Mr. Alexander Asmah, CEO of Amenfiman Rural Bank, provided private-sector perspectives, emphasising the need to build comprehensive ecosystems for student entrepreneurship. “Africa’s challenge is not a lack of talent but a lack of structure. We need to bridge the gap between academia and industry by creating partnerships with the private sector that lead to real-world solutions,” he observed. Mr. Asmah proposed a Multi-Stakeholder Skills Development Council and called for innovative financing mechanisms to support youth-led enterprises.
Deepening the KNUST-Leipzig Partnership
Parallel to the events, high-level discussions between KNUST and Leipzig University leadership resulted in commitments to significantly expand their academic partnership. This was discussed during a courtesy call by Professor Dr Utz Dornberger on the Vice Chancellor of KNUST on 04 November 2025. This partnership is going beyond the departmental or faculty level, partnering with Publishing Studies and the School of Business, and potentially expanding to a university partnership that includes Veterinary Medicine, Pharmacy, and Biosciences. The institutions are also exploring opportunities for a joint Erasmus+ grant application and considering implementing a double-degree MBA programme.
Professor Rita Akosua Dickson, Vice-Chancellor of KNUST, highlighted the university’s strategic focus on sustainability and innovation, calling for support in developing a proposed two-megawatt solar energy park and university entrepreneurship centre. “We are committed to training employers, not just employees,” she stated. The discussions also included formal recognition of Dr. Ralph Nyadu-Addo, Coordinator of ACCESS-Ghana, for his outstanding contributions to Ghana-Germany academic cooperation.

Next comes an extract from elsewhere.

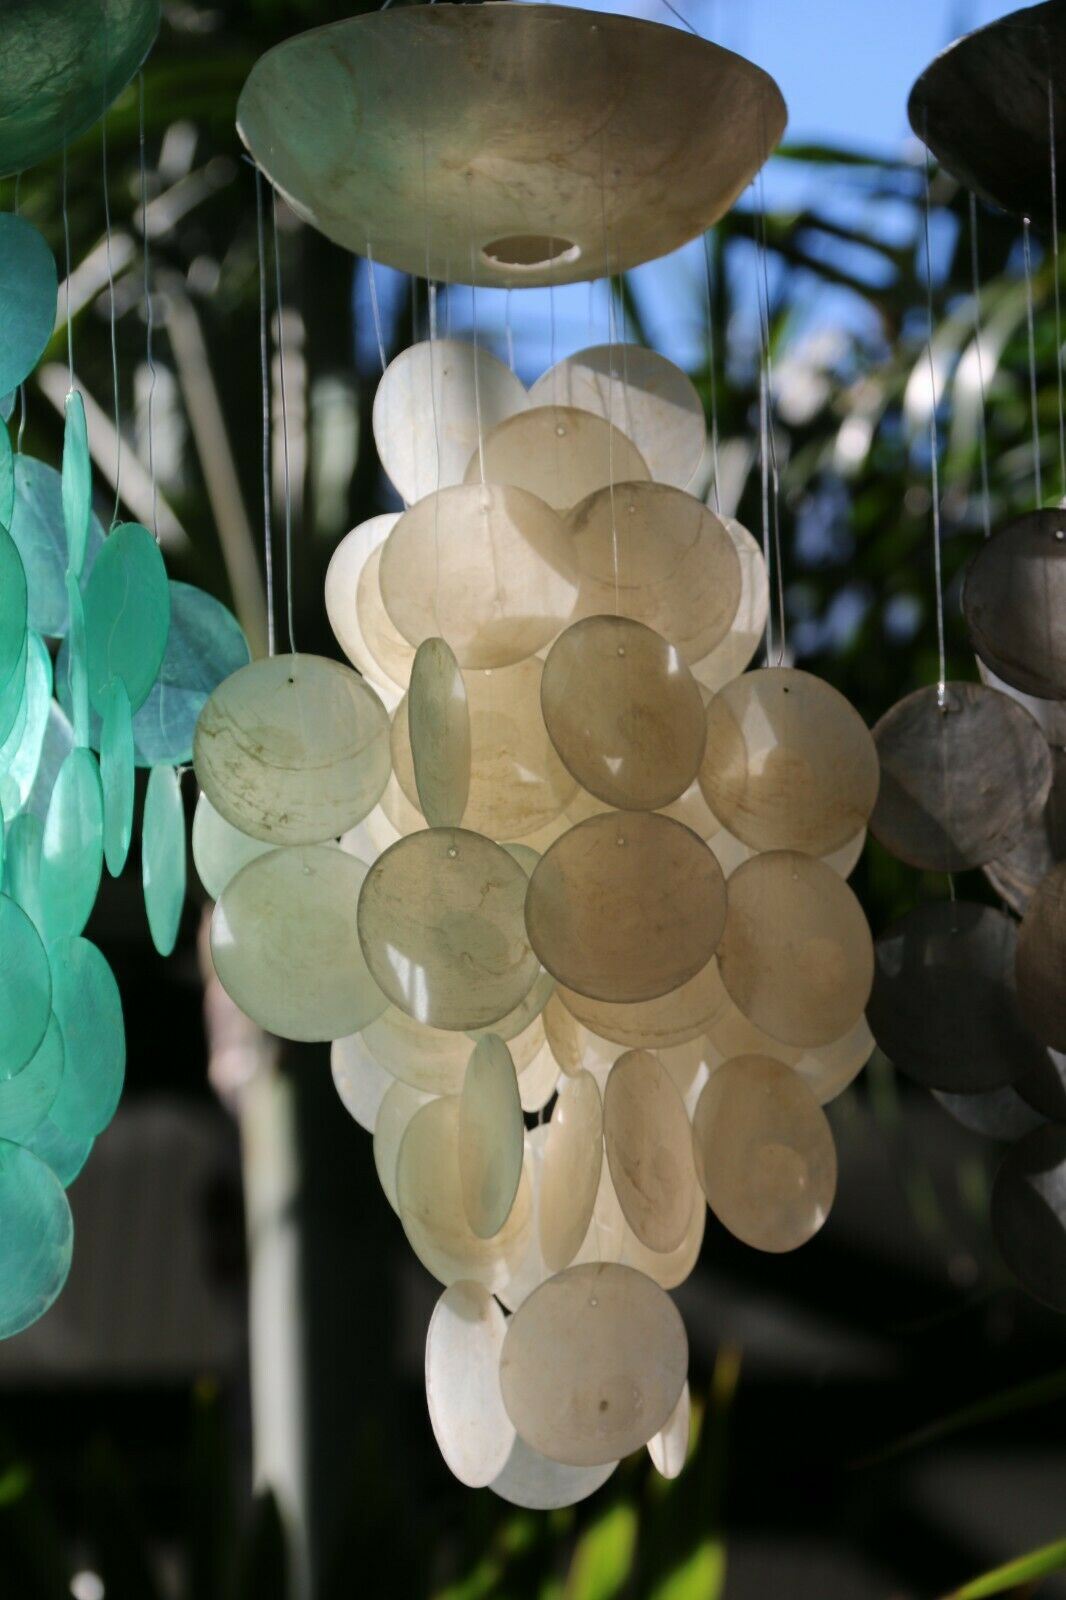 NEW Balinese Capiz Shell Mobile / Wind Chime - White / Sound GREAT!!

The success of the 2025 summer school and IN4IN conference demonstrates the power of sustained, partnership-based capacity-building approaches. As Professor Asamoah emphasised, “The challenge of youth unemployment and skill gaps cannot be solved by governments or universities alone. It requires a collective effort, a new social compact that brings together education, industry, and communities.” The events in Kumasi exemplified how African and European universities, industry partners, and development organisations can work together to develop the collaborative, innovative solutions that Africa urgently needs.
The ACCESS project, funded by the German Academic Exchange Service (DAAD) under the EXCEED Initiative supported by the Federal Ministry for Economic Cooperation and Development (BMZ), operates across seven African universities with a comprehensive approach encompassing employability research, digital skills development, entrepreneurship training, and career support services support to bridge the gap between higher education and labour market demands in Africa.